The handoff between shifts is also when communication breakdowns happen. A verbal report of "the left rear tire is a little low" gets lost by the second handoff. A written record doesn't.

Training Operators to Inspect, Not Just Drive

OSHA requires formal training for powered industrial truck operators under 1910.178(l), including evaluation before independent operation and refresher training when a deficiency is observed. Pre-shift inspection is part of that training, but it often gets treated as a checkbox rather than a skill. Operators should understand what they're looking for and why — not just how to mark a form.

A fork with a hairline crack at the heel looks superficially normal. An operator who knows what fork failure looks like and why it matters will catch it. An operator who was shown a checklist once during onboarding and told to fill it out each morning may not.

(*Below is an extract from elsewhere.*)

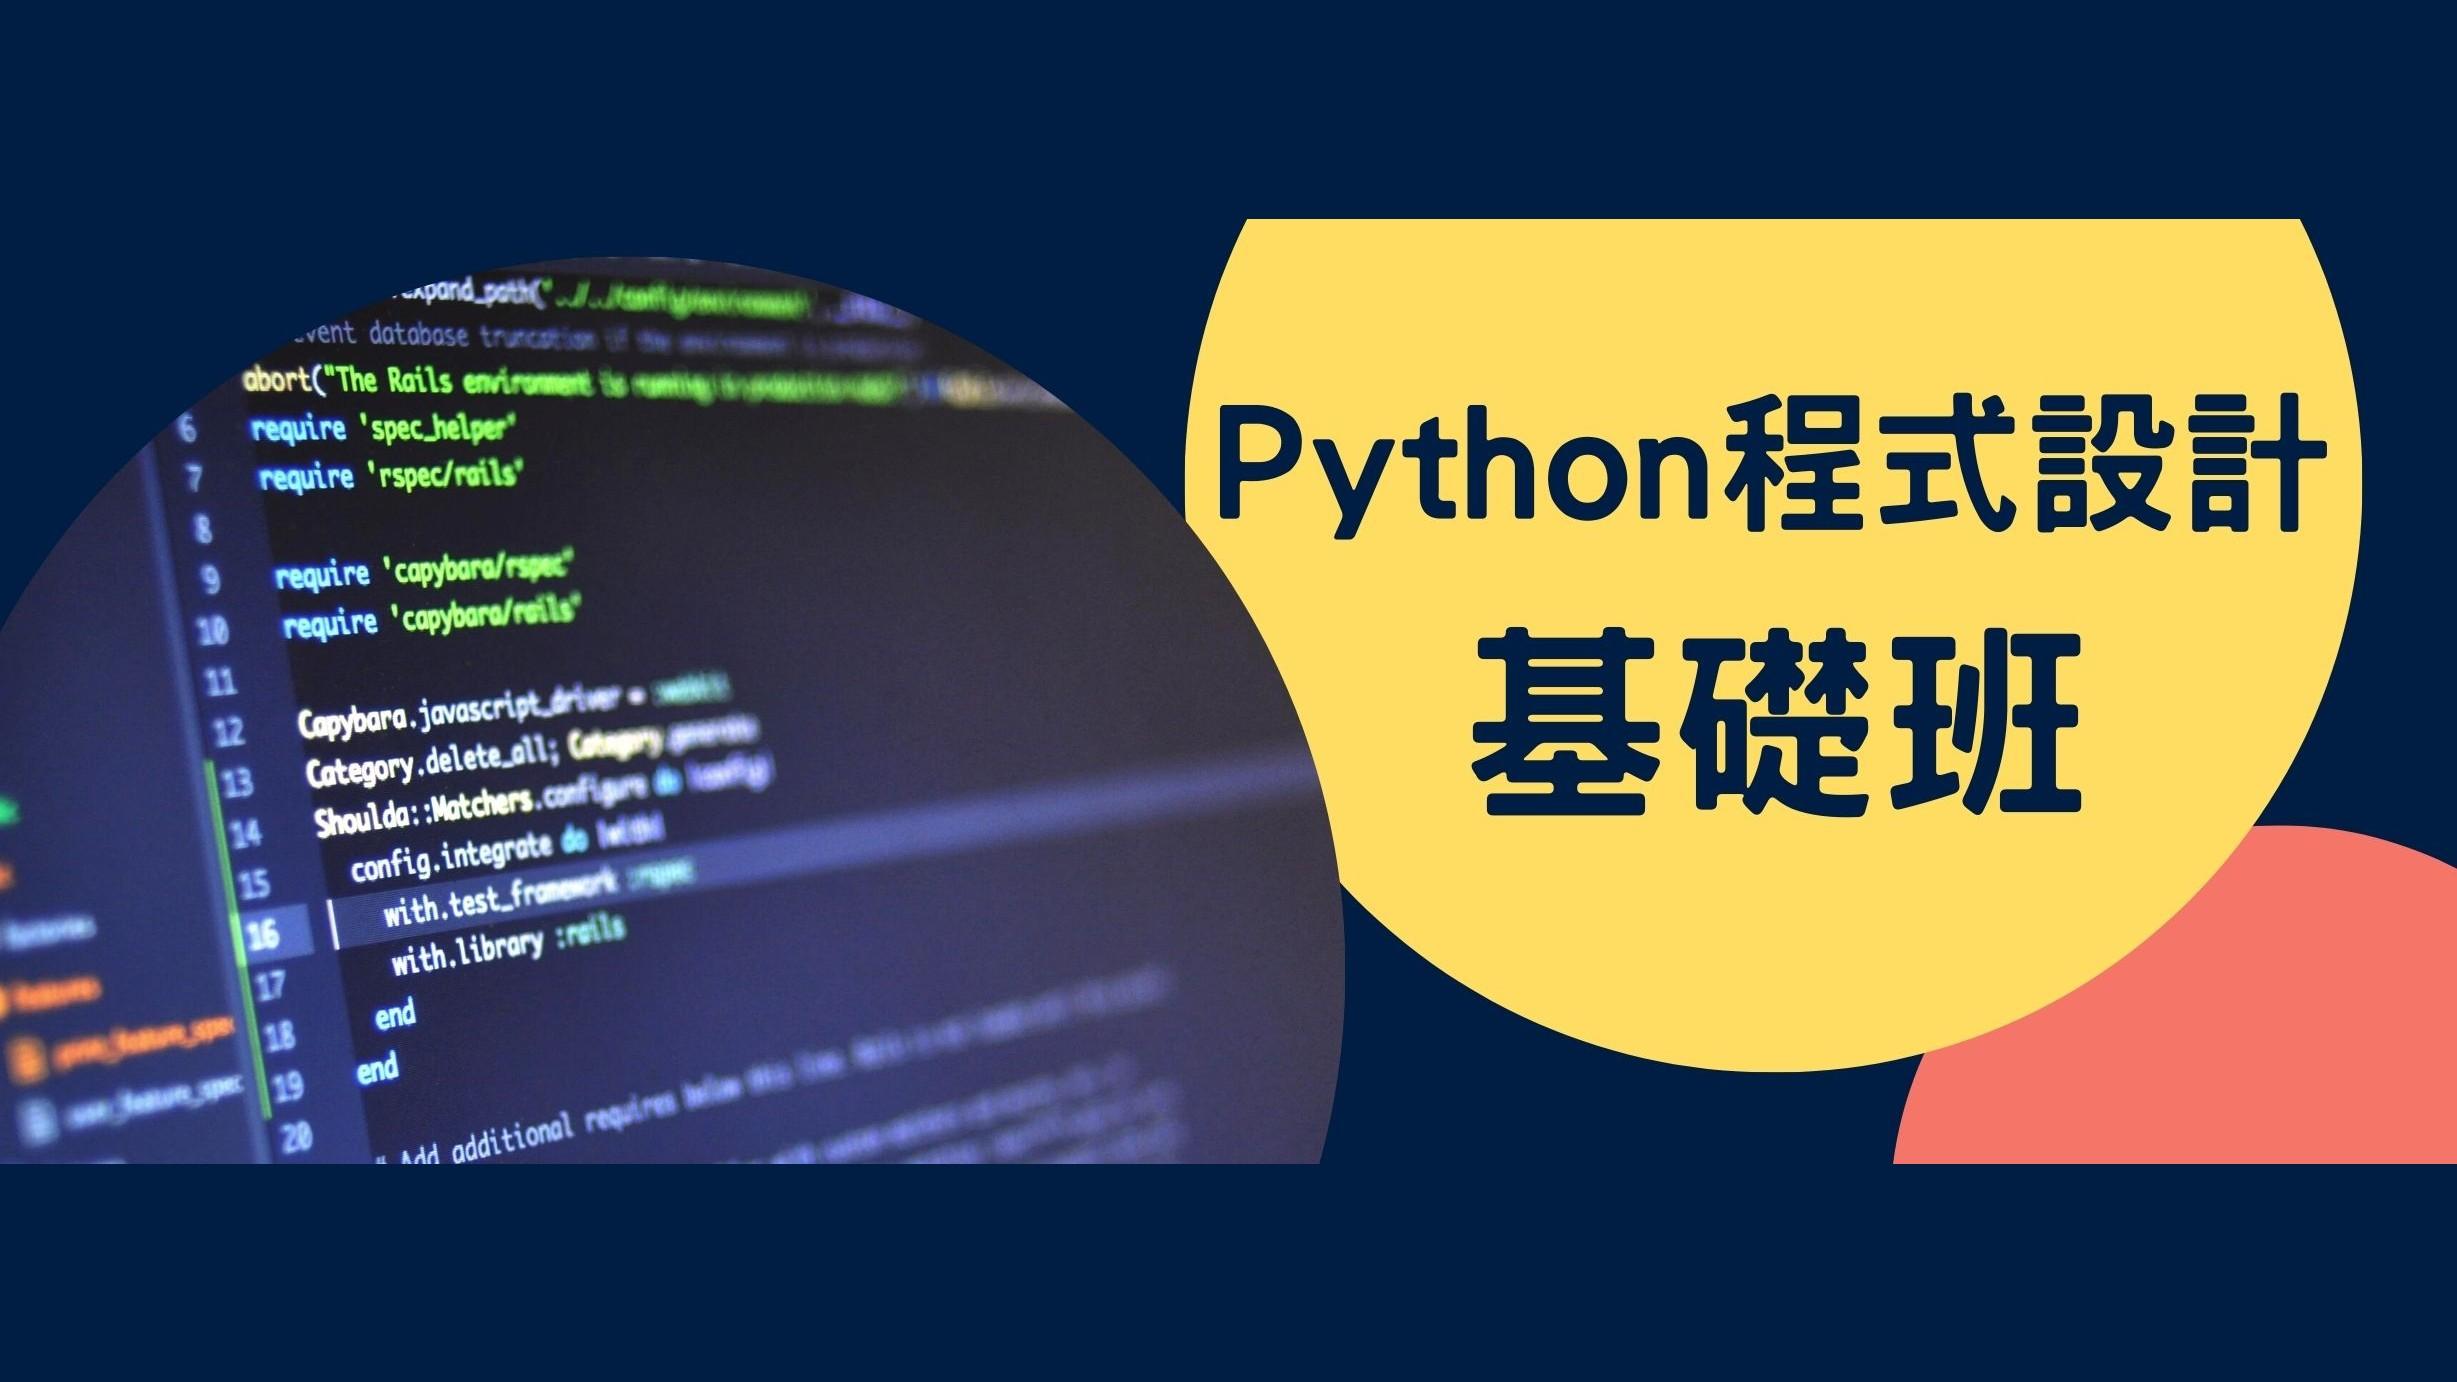 中華大學程式設計培訓營 -Python程式設計基礎班

When you onboard a new operator, walk through an actual inspection with them on an actual truck. Show them what good forks look like and what damaged forks look like. Show them how to test the parking brake. Explain what the hydraulic fluid level should be and what low fluid means for lift function. That kind of hands-on, concrete training produces inspections that actually catch problems — which is the point.

Getting Started

If your operation doesn't currently have a formal pre-shift inspection process, the path forward is straightforward. Create a simple inspection form for each truck you operate. Designate where the completed forms are kept. Brief your operators on the requirement and on what to do when they find a defect. Review the forms weekly so you can catch patterns — a truck that keeps getting flagged for the same issue needs maintenance, not more inspection forms.

Pre-shift inspection is one of those safety requirements that is easy to dismiss as paperwork and easy to skip when production is the priority. It is also one of the requirements with the clearest connection to actual outcomes. Forklifts are heavy, they move fast in tight spaces, and when something fails mechanically during operation the results are serious. The five minutes before each shift is the cheapest insurance you can buy.